この手法の場合、目印の所で合成が止まればいいので、KMnO4などで酸化する場合は鎖が切れてなくても酸化していれば十分なポリメラーゼが多い(からそういうポリメラーゼを使えば酸化するだけで十分)。
複数のタンパク質が関わるもの(complexとか)のassayに向いた手法。
footprintingは数百bp以上になってくると厳しい。 gel shiftはタンパク質が多く関わると厳しい。
検出方法としては、もし対象を知っているなら蛍光塗料でも良いし、 immuno blottingでも良い(antibodyを使った検出方法)。 radioactive labelでも良い。

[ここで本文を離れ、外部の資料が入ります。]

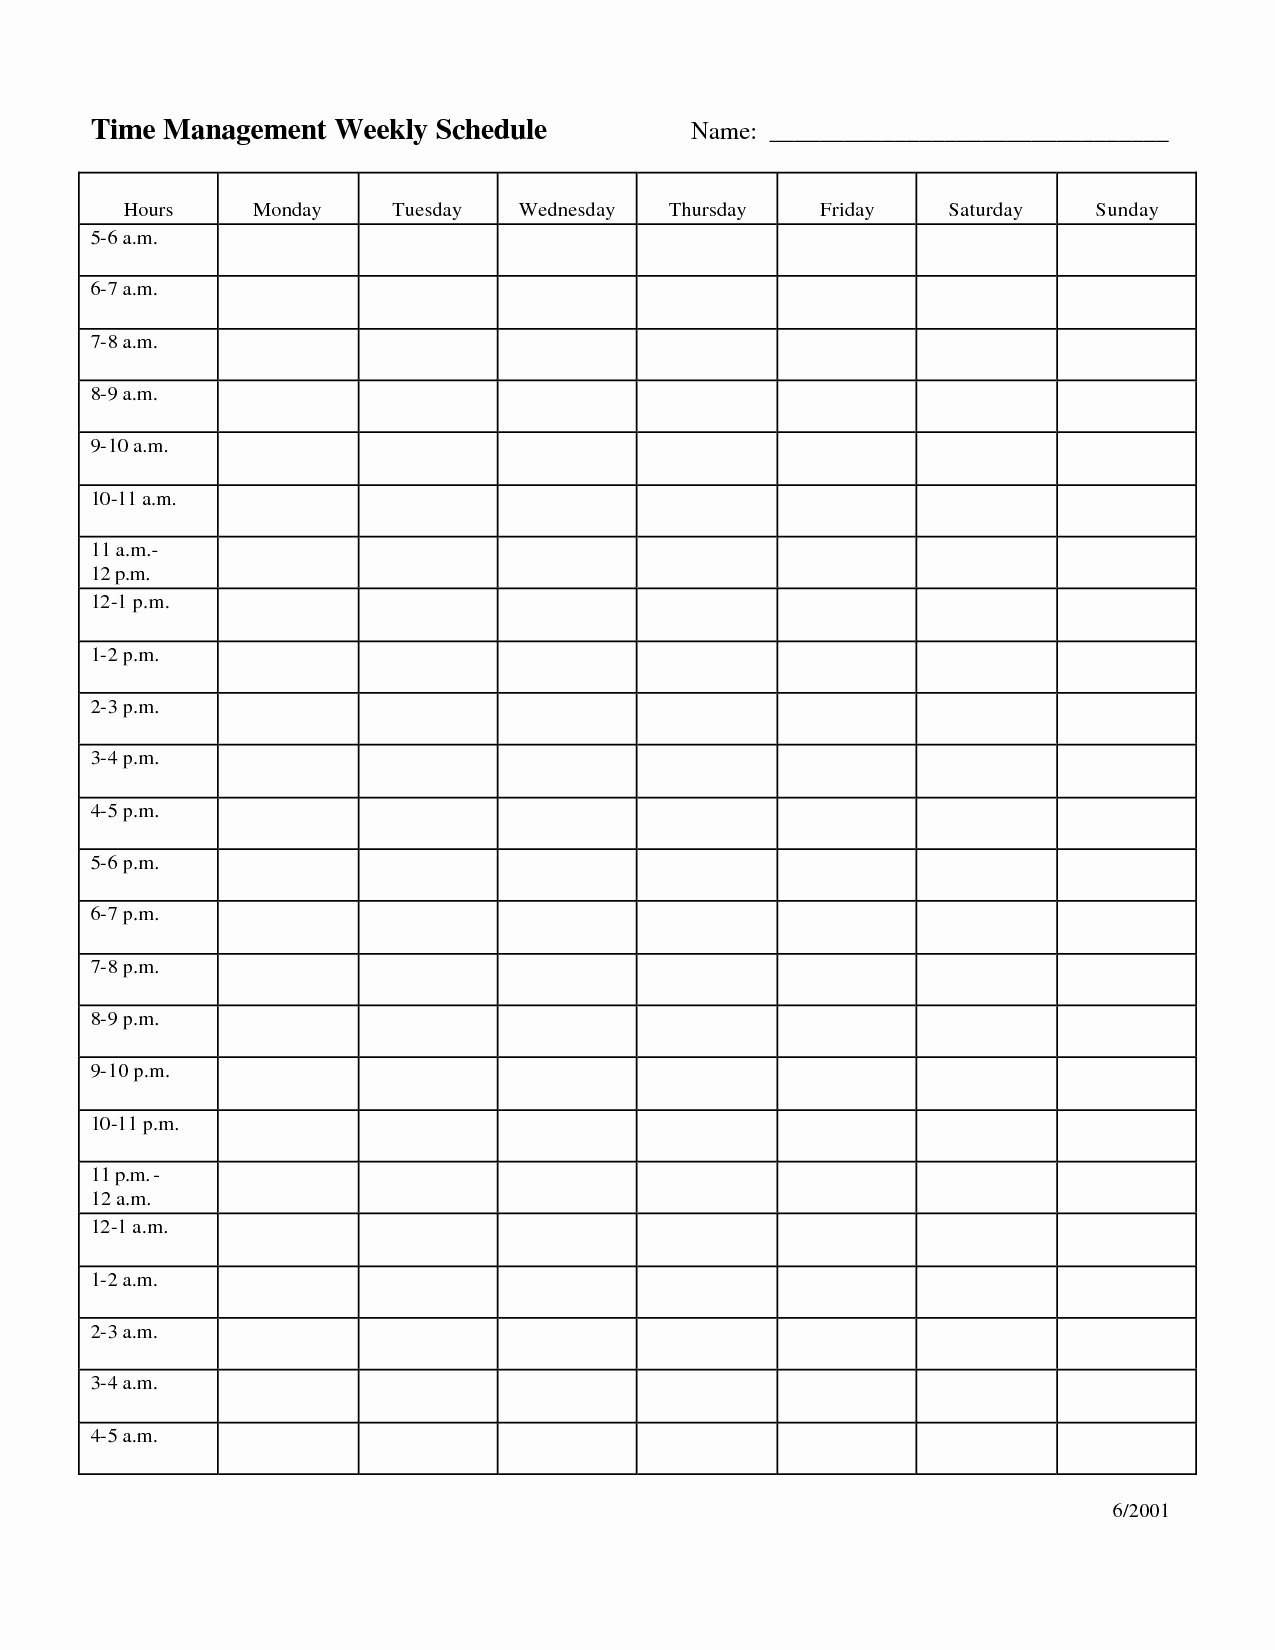 Time Management Schedule Template New Pick Blank Weekly Schedule with Time Slots ⋆ the Best

S35 ラベル付加されたメチオニンやS35ラベル付与されたシステインなど(両方でも良い)。
具体的にどうやるか?
oriCにDnaBなどが結合するケースを考える。
ビーズがなんで必要なのか、いまいち良く分からないな。 洗い流す所で使うんだと思うが…
お、ちょっとわかったかも?ようするにカラムexchangeクロマトグラフィーみたいな事をするのか? カラムのビーズとしてマグネットビーズを使うと、DNAがめっちゃビーズにくっつくので、他のタンパク質を全部洗い流しても残る、と。
残った後をどうするんだ?という気はするが、最後に洗い流す方法があれば良さそうだな。
DNA | DnaB(ラベル付き) | DnaA | DnaC | DNAにラベルが付加されているか? |
---|---|---|---|---|
+ | + | no | ||
+ | + | + | no | |
+ | + | + | + | yes |
DnaBが結合する為にはDnaAがunwindして、DnaCがロードする必要があるので、両者が無いと結合しない。